В Озерецком «явися у него мала болячка на левой стране на стегне (бедре) на згибе, близ нужного места, з булавочную голову, верху же у нее несть, ни гною в ней несть же, а сама багрова».
Вспоминать об этом стали позже, как и гадать, что за притча: откуда хворь взялась. Зашелестело кругом: не отрава ли?

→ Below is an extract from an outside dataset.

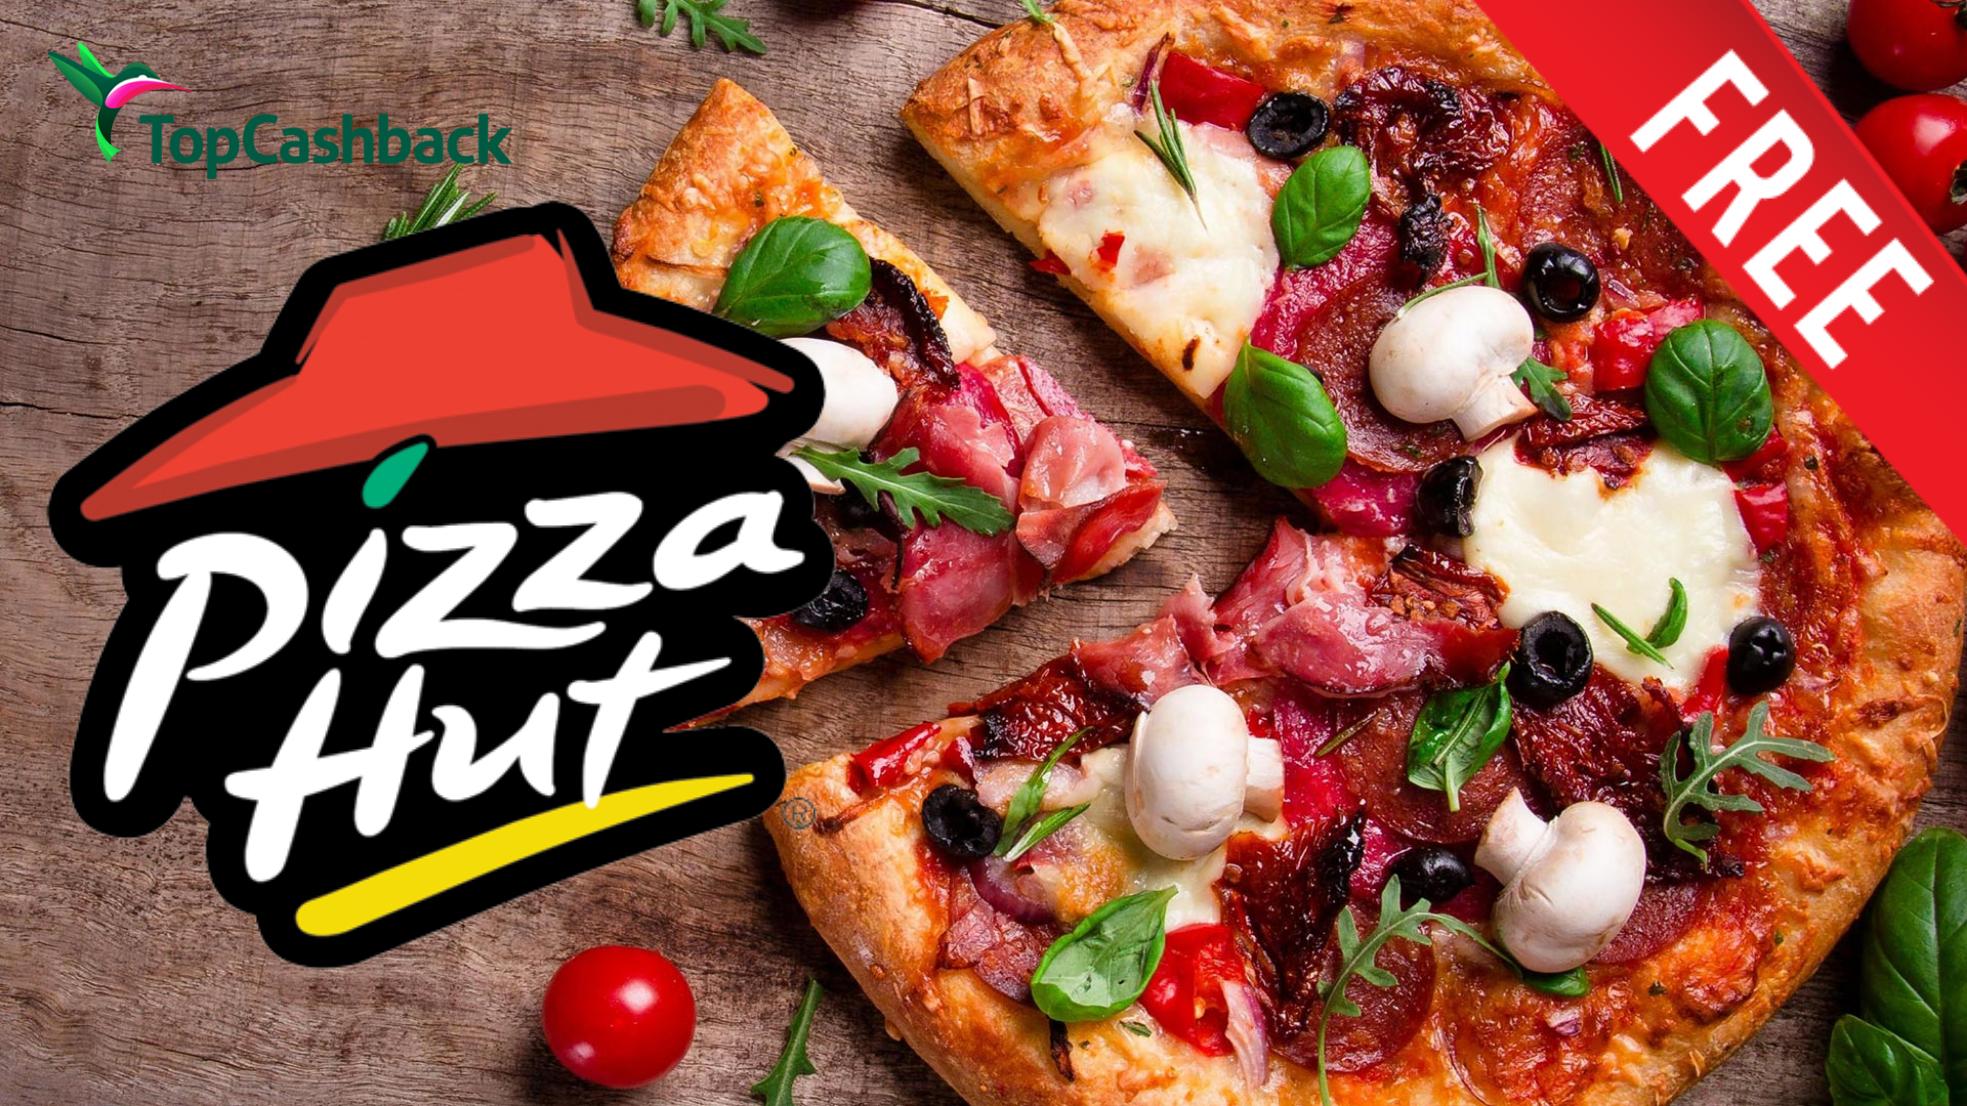 FREE PIZZAHUT TAKEAWAY (UPTO £15) via TCB

Между тем великий князь поначалу, хоть и стал лечиться, менять поездки не захотел. Поехал в Нахабино, Фуниково, Волоколамск, в село Колпь. В Колпи разболелся — целых две недели пробыл и совсем слег. На Волок понесли его дети боярские и княжата на себе пешком. В повозку от боли втиснуться не мог. На руках донесли до Москвы.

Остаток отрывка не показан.